Мы заходим в погребальный дом Уайльдов, огромное коричневое викторианское здание, которым семья владеет с 1928 года. Сейчас на Мэйн-стрит не так много офисов. Калеб без иронии называет бизнес Уайльдов «сердцем местного общества». Здесь родился его дед – семья жила на втором этаже. Калеб говорит, что дед забальзамировал свое первое тело в шесть лет. Сам Калеб вырос, играя в прятки среди гробов. На стенах картины с видом старого Парксбурга, когда он еще был центром металлургии. Статуэтки куропаток на столах кажутся потерянными и бездомными. В кабинете висят портреты всех Уайльдов с каменными лицами – вплоть до прапрапрадеда, который и основал семейное дело и, как гласит семейное предание, снискал себе славу в похоронных кругах тем, что забальзамировал тело Эдварда Горсача, рабовладельца, убитого во время восстания в Кристиане. Невероятно, но даже мать Калеба происходит из семьи похоронных распорядителей. «Я чистокровный», – говорит он.
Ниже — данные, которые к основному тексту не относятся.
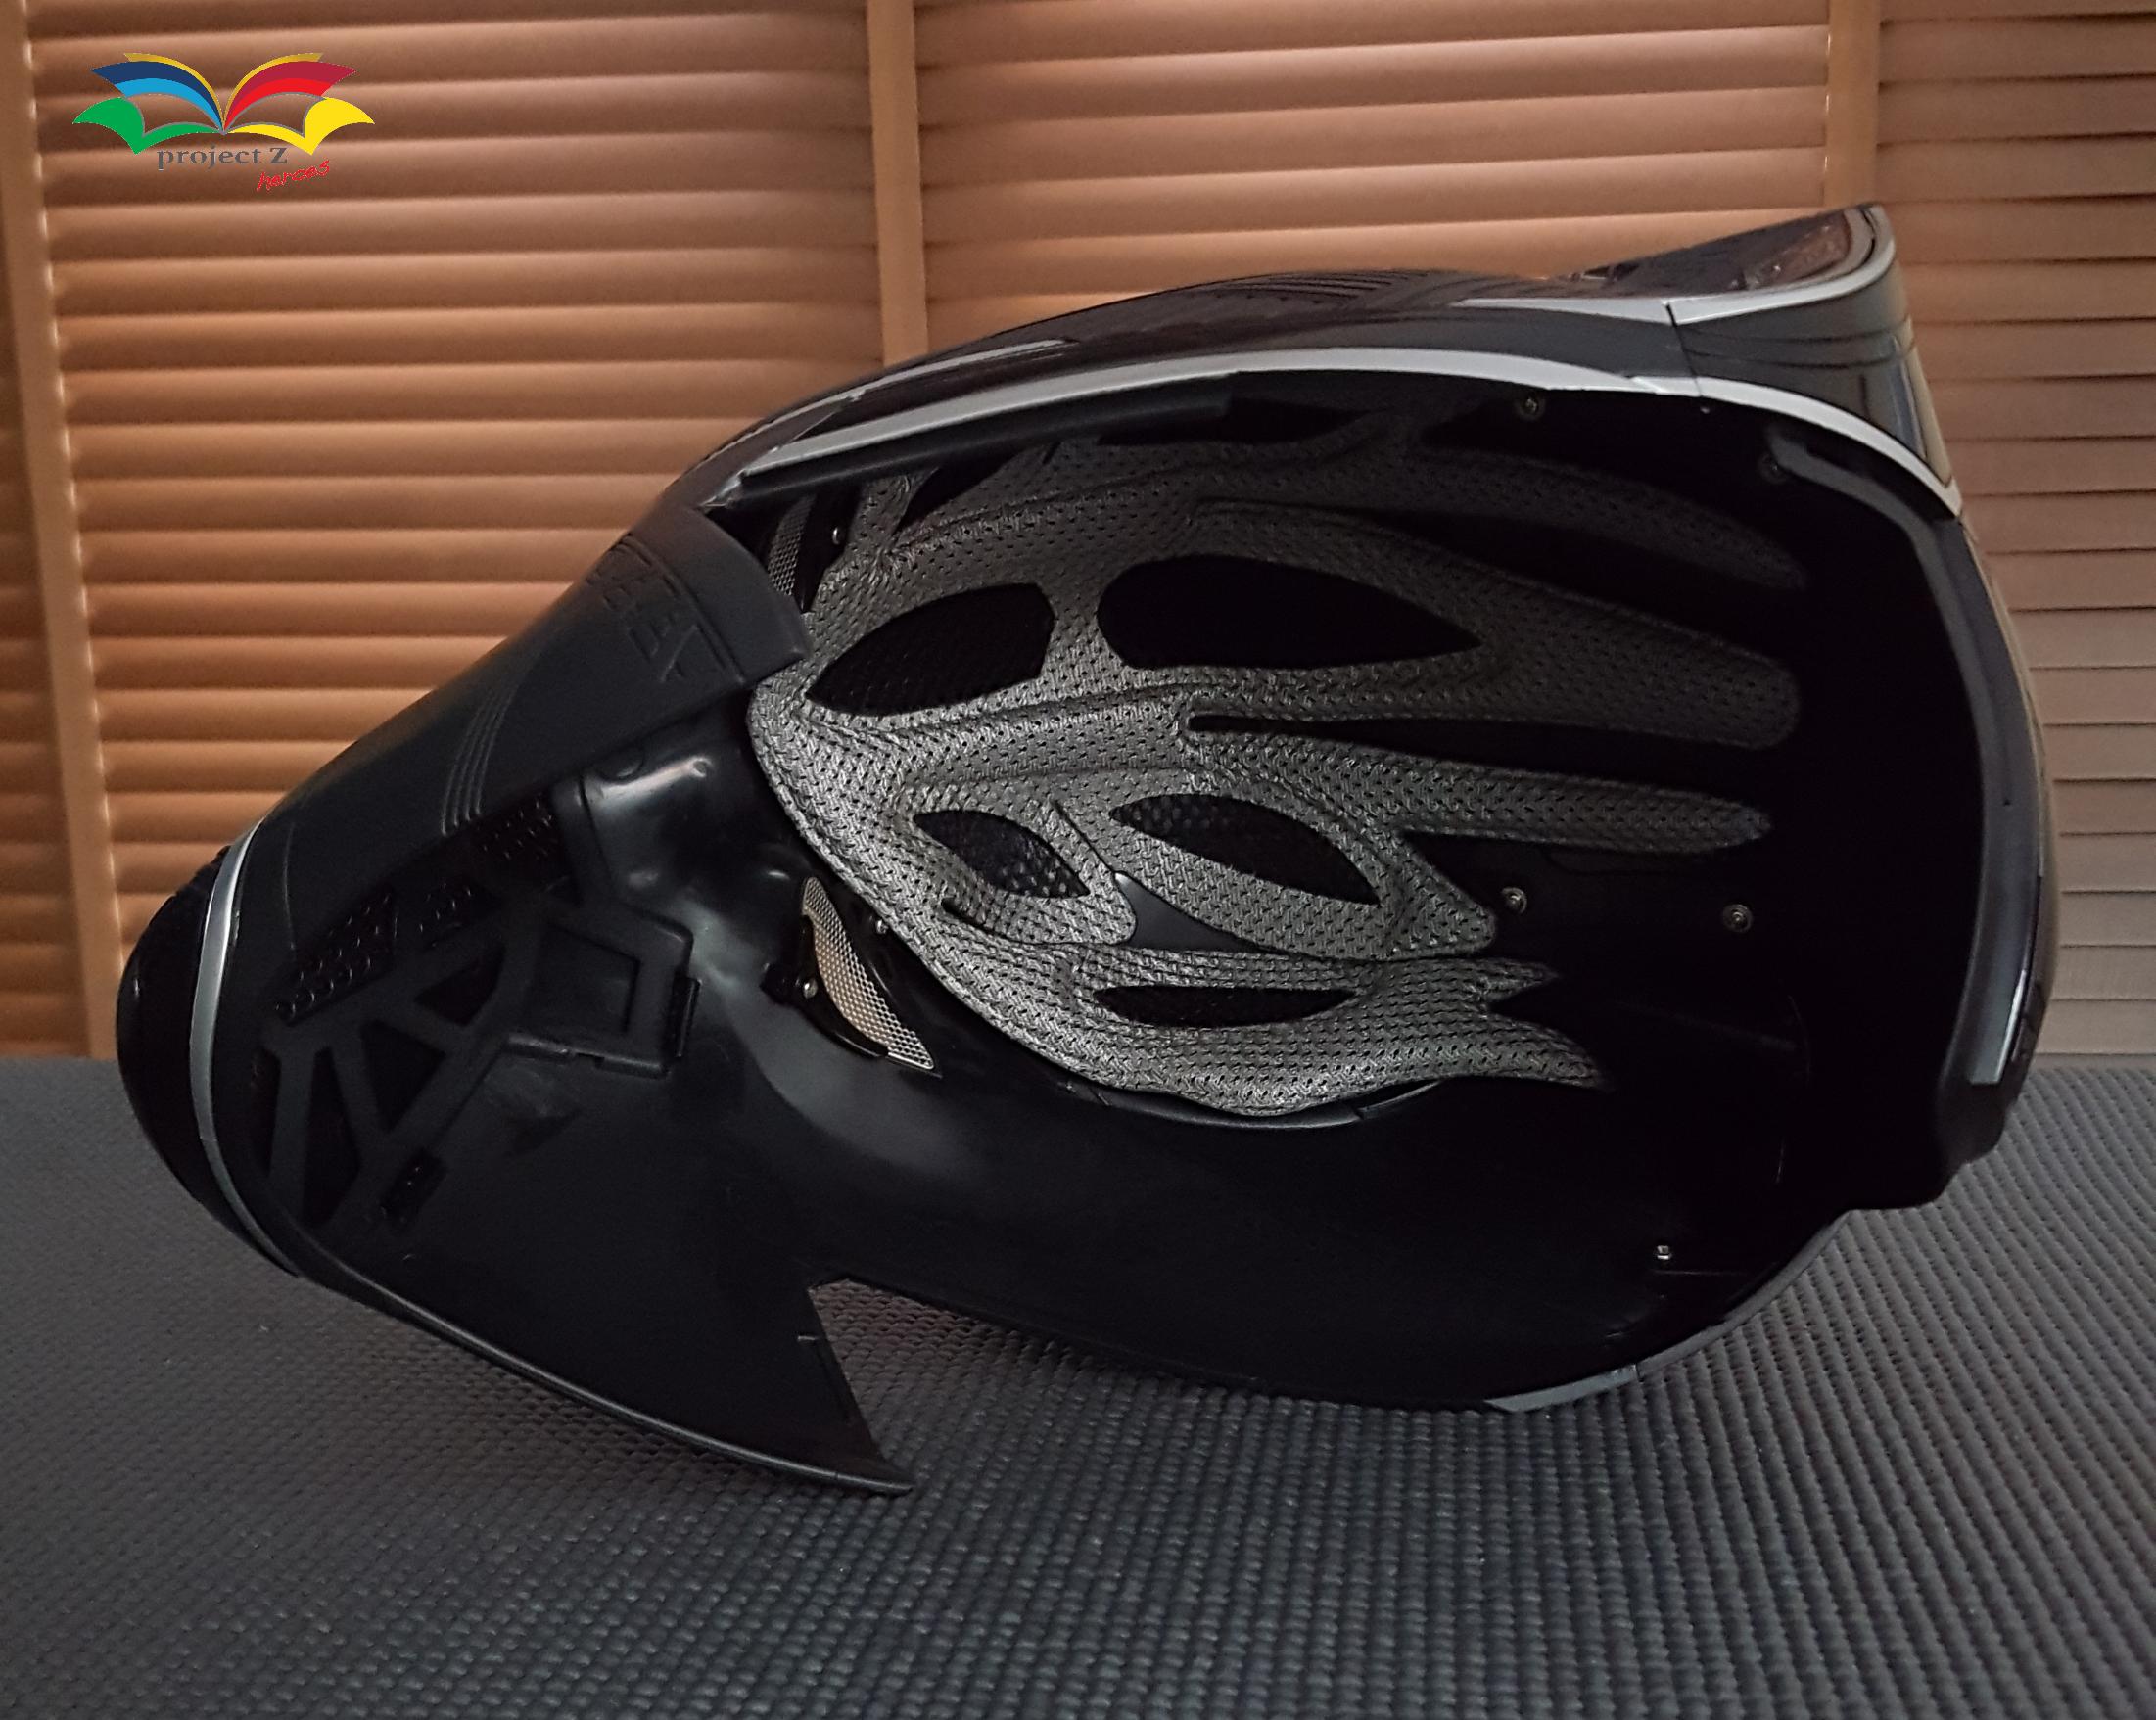 Black Panther costume helmet 4

Калеб знакомит меня с матерью, которая работает в офисе вместе с его отцом, дедом и братом деда.
– Ну что, едете? – спрашивает она. – В морг?
– Мне не терпится, – отвечаю я.
– Не терпится в морг? – она смотрит на меня с недоумением. – С вами что-то не так.
Я хотел ответить, что со мной и в самом деле что-то не так и что я надеюсь, что ее сын вылечит меня. Калеб увлек меня за собой, и мы поехали в больницу с миссис Макдоннел в кузове. Довольно необычное ощущение – знакомиться с кем-то, сидя рядом с трупом, но не чересчур необычное. Калеб говорил о своей работе с легкой иронией. Называл вещи своими именами, изысканно шутил. Если бы не пару просторечных слов, он вполне мог бы сойти за брокера с Манхэттена. Я хотел пересечь с ним реку, последовать за ним в подземное царство, однако едва ли стоило его сразу же посвящать в то, какой ужас я испытываю перед смертью. Вместо этого мы говорили о его бизнесе. Пока мы ехали в больницу, я успел узнать, что холодильники, в которых держат тела, называют «риферами». Белые часто хотят, чтобы их мертвые родственники выглядели темнее, чем при жизни, а черные наоборот. Иногда, чтобы добраться до артерии, приходится частично срезать скальп, как кожу у курицы.
Как выяснилось, ничего неожиданного в морге нет. Там надо заполнить много бумаг и ждать, пока тебе привезут тело. Примерно как получать посылку на почте. Я снова увидел нечто комическое в том, как Калеб подвозит каталку с новым телом к фургону и кладет его рядом с миссис Макдоннел; одеяло висит, как палатка, на выпирающих вверх ступнях. В какой-то момент нашего путешествия присутствие тел начало ощущаться: на улице было плюс тридцать и влажно, кондиционер явно не справлялся. Дорога до крематория заняла час.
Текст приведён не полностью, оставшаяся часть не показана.